Cloning Partial Digests
April 22, 1998 ECK
A guaranteed but inefficient way to clone a selectable marker is to select it from a pool of cloned partially digested chromosomal DNA. Sau3A is the most commonly used nuclease. It cuts about every 256 bp, has a relatively unbiased nucleotide composition, is insensitive to dam methylation, and generates a 5' overhang compatible with BamHI, BclI and BglII overhangs.
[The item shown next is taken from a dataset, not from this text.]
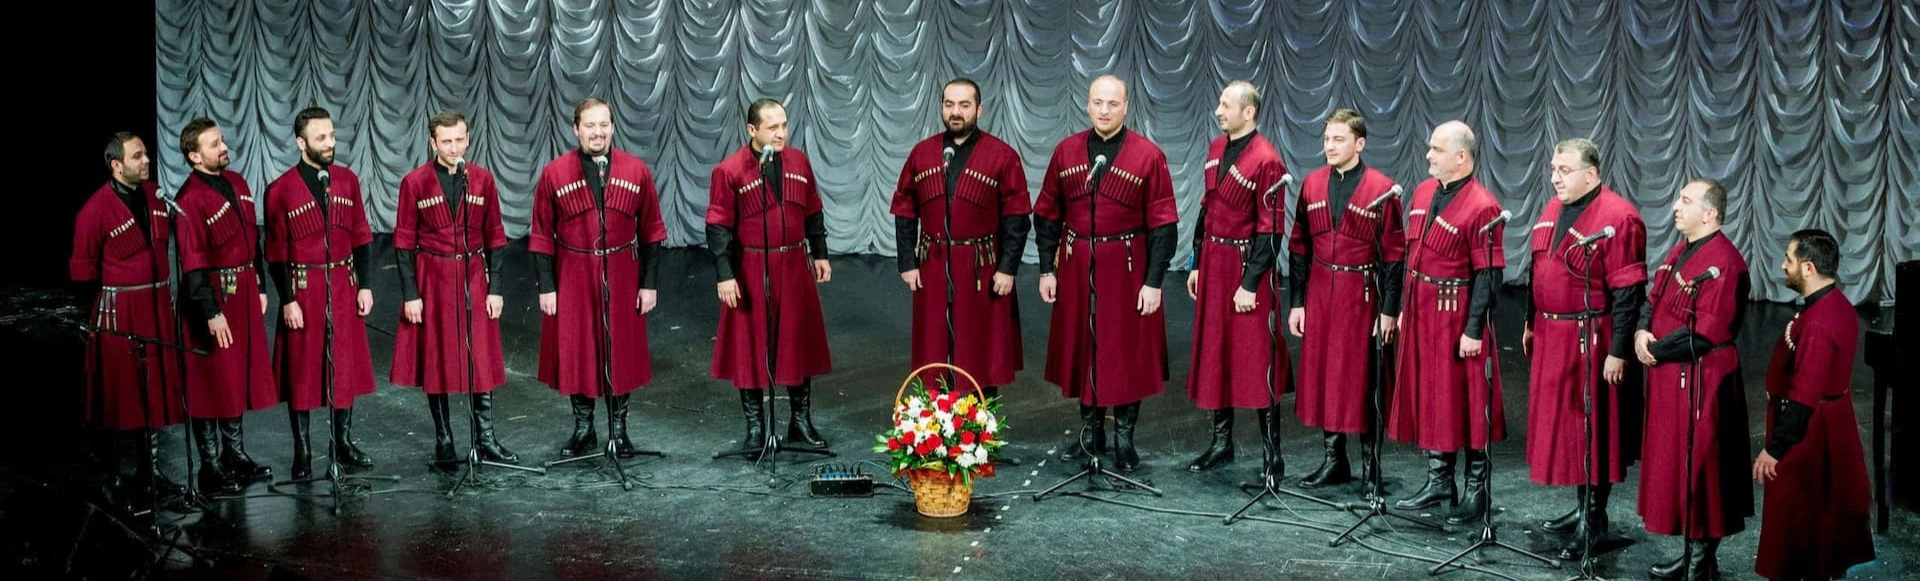 Патриарший хор Грузии "Басиани"

Other enzymes occasionally used are TaqI, AluI and DNAse A followed by blunting with T4 DNA Polymerase.
1. Partial Sau3A Digest (Based on the protocol described in Sambrook et al, 9.24-9.28, 1989)
Begin with 200 µL of a standard chromosomal DNA preparation (>0.1 µg/µL).
Label 10 Eppindorf vials 1 - 10.
Add to the DNA
Dispense 40 µL to tube 1, and 20 µL to tubes 2 - 10.
- 20 µL 10X Sau3A Buffer (New England Biolabs)
- 2 µL BSA at 10 mg/mL
From this point until incubation, keep everything on ice!
Add 1 µL of Sau3A at 10 units/µL (New England Biolabs) to tube 1.
Transfer 20 µL to tube 2.
Mix, transfer 20 µL to the next tube
Repeat the last 2 steps up to tube 9. Do not transfer to tube 10, which will serve as a no-digest control.
Incubate all 10 tubes 1 hr at 37°C.
Kill the digest 20' at 65°C.
Prepare a 0.8% agarose gel with at least 12 lanes.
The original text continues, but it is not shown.